ScalarStop is a Python framework for reproducible machine learning research.
It was written and open-sourced at Neocrym, where it is used to train thousands of models every week.
ScalarStop can help you:
- organize datasets and models with content-addressable names.
- save/load datasets and models to/from the filesystem.
- record hyperparameters and metrics to a relational database.
ScalarStop is a Python package that requires Python 3.8 or newer.
Currently, ScalarStop only supports tracking tf.data.Dataset datasets and tf.keras.Model models. As such, ScalarStop requires TensorFlow 2.8.0 or newer.
We encourage anybody that would like to add support for other machine learning frameworks to ScalarStop. :)
ScalarStop is available on PyPI.
If you are using TensorFlow on a CPU, you can install ScalarStop with the command:
python3 -m pip install scalarstop[tensorflow]
If you are using TensorFlow with GPUs, you can install ScalarStop with the command:
python3 -m pip install scalarstop[tensorflow-gpu]
If you intend to use ScalarStop with PostgreSQL, you should also install either psycopg2-binary (which works out of the box) or psycopg2 (which you compile from source).
Therefore, your installation command could look like either:
python3 -m pip install scalarstop[tensorflow,psycopg2]
python3 -m pip install scalarstop[tensorflow,psycopg2-binary]
python3 -m pip install scalarstop[tensorflow-gpu,psycopg2]
python3 -m pip install scalarstop[tensorflow-gpu,psycopg2-binary]
If you would like to make changes to ScalarStop, you can clone the repository from GitHub.
git clone https://github.com/scalarstop/scalarstop.git
cd scalarstop
python3 -m pip install .
Read the ScalarStop Tutorial to learn the core concepts behind ScalarStop and how to structure your datasets and models.
Afterwards, you might want to dig deeper into the ScalarStop Documentation. In general, a typical ScalarStop workflow involves four steps:
1. Organize your datasets with scalarstop.datablob.
2. Describe your machine learning model architectures using scalarstop.model_template.
3. Load, train, and save machine learning models with scalarstop.model.
4. Save hyperparameters and training metrics to a SQLite or PostgreSQL database using scalarstop.train_store.
We warmly welcome contributions to ScalarStop. Here are the technical details for getting started with adding code to ScalarStop.
First, clone this repository from GitHub. All development happens on the main
branch.
git clone https://github.com/scalarstop/scalarstop.git
Then, run make install
to install Python dependencies in a Poetry virtualenv.
You can run make help
to see the other commands that are available.
Run make fmt
to automatically format code.
Run make lint
to run Pylint and MyPy to check for errors.
Documentation is important! Here is how to add to it.
You can generate a local copy of our Sphinx documentation at scalarstop.com with make docs
.
The generated documentation can be found at docs/_build/dirhtml
. To view it, you should start an HTTP server in this directory, such as:
make docs
cd docs/_build/dirhtml
python3 -m http.server 5000
Then visit http://localhost:5000 in your browser to preview changes to the documentation.

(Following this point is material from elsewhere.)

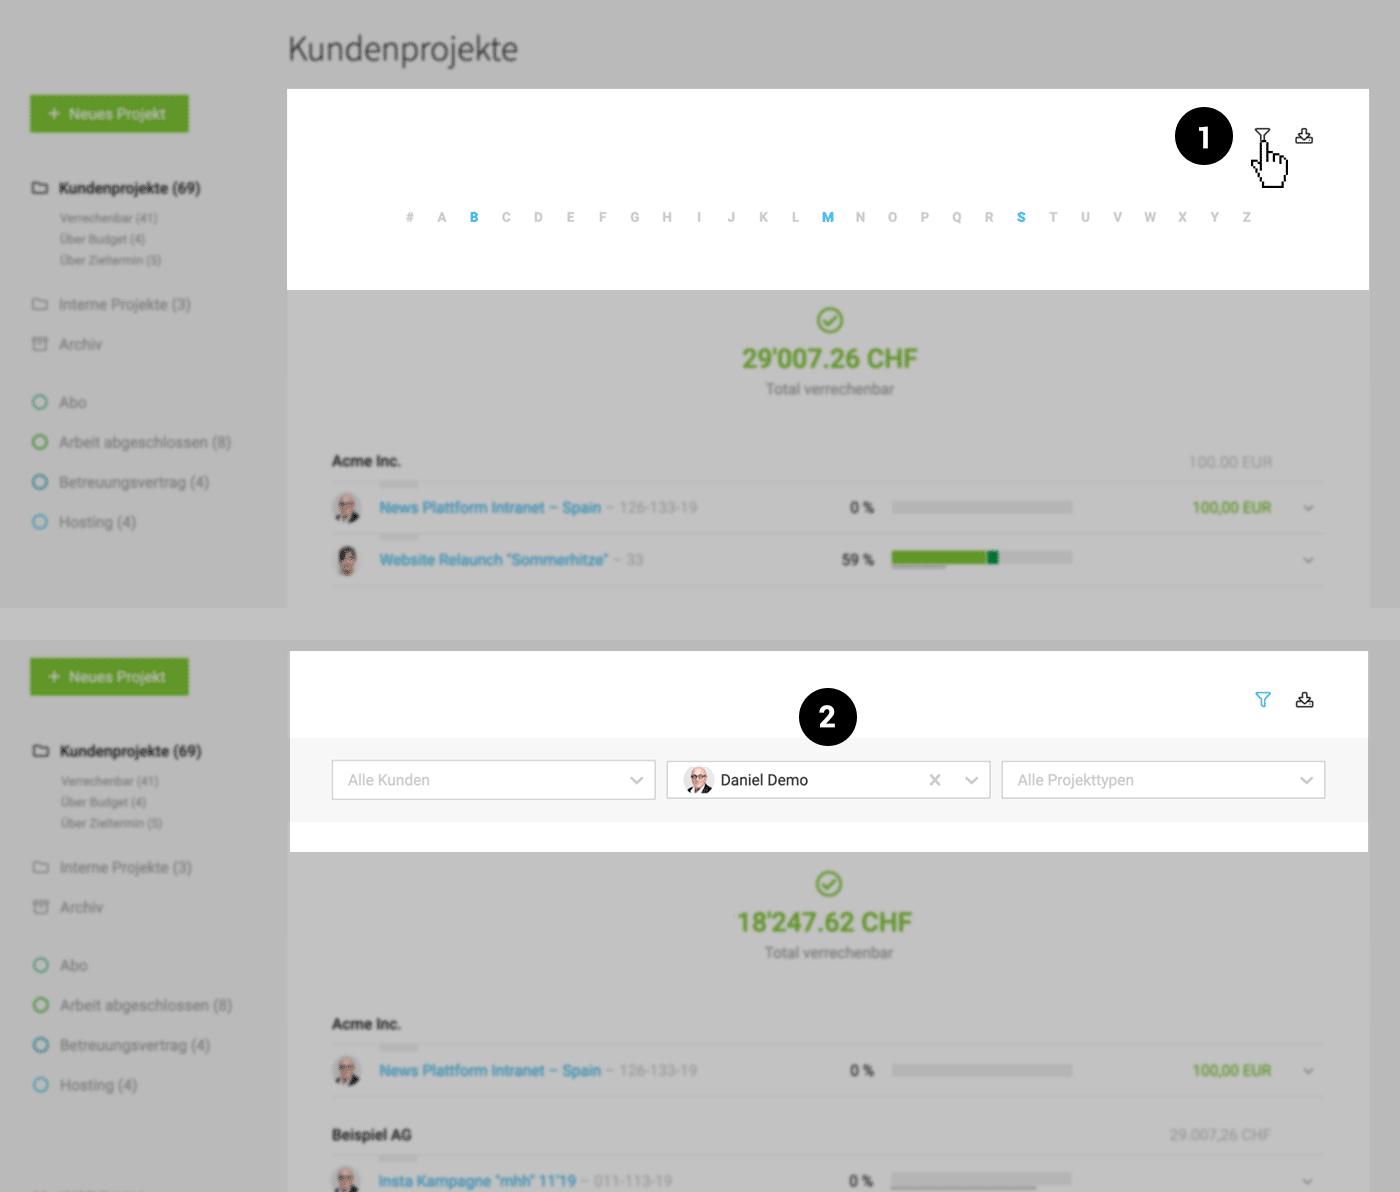 Projektmanagement: Filterung von Projekten

If you want to use Sphinx's ability to automatically generate hyperlinks to the Sphinx documentation of other Python projects, then you should configure intersphinx settings at the path docs/conf.py. If you need to download an objects.inv file, make sure to update the make update-sphinx
command in the Makefile.
The main ScalarStop tutorial is in a Jupyter notebook. If you have made changes to ScalarStop, you should rerun the Jupyter notebook on your machine with your changes to make sure that it still runs without error.
Run make test
to run all unit tests.
If you want to run a specific unit test, try running python3 -m poetry run python -m unittest -k {name of your test}
.
If you are running tests using a Python interpreter that does not have the SQLite3 JSON1 extension, then TrainStore unit tests involving SQLite3 will be skipped. This is likely to happen if you are using Python 3.8 on Windows. If you suspect that you are missing the SQLite3 JSON1 extension, the Django documentation has some suggestions for how to fix it.
By default, tests involving PostgreSQL are skipped. To enable PostgreSQL, run make test
in a shell where the environment variable TRAIN_STORE_CONNECTION_STRING
is set to a SQLAlchemy database connection URL--which looks something like "postgresql://scalarstop:changeme@localhost:5432/train_store"
. The connection URL should point to a working PostgreSQL database with an existing database and user.
The docker-compose.yml file in the root of this directory can set up a PostgreSQL instance on your local machine. If you have Docker and Docker Compose installed, you can start the PostgreSQL database by running docker-compose up
in the same directory as the docker-compose.yml file.
You can run make test-with-coverage
to collect Python line and branch coverage information. Afterwards, run make coverage-html
to generate an HTML report of unit test coverage. You can view the report in a web browser at the path htmlcov/index.html
.
ScalarStop's documentation is built with Sphinx using @pradyunsg's Furo theme and is hosted by Read the Docs.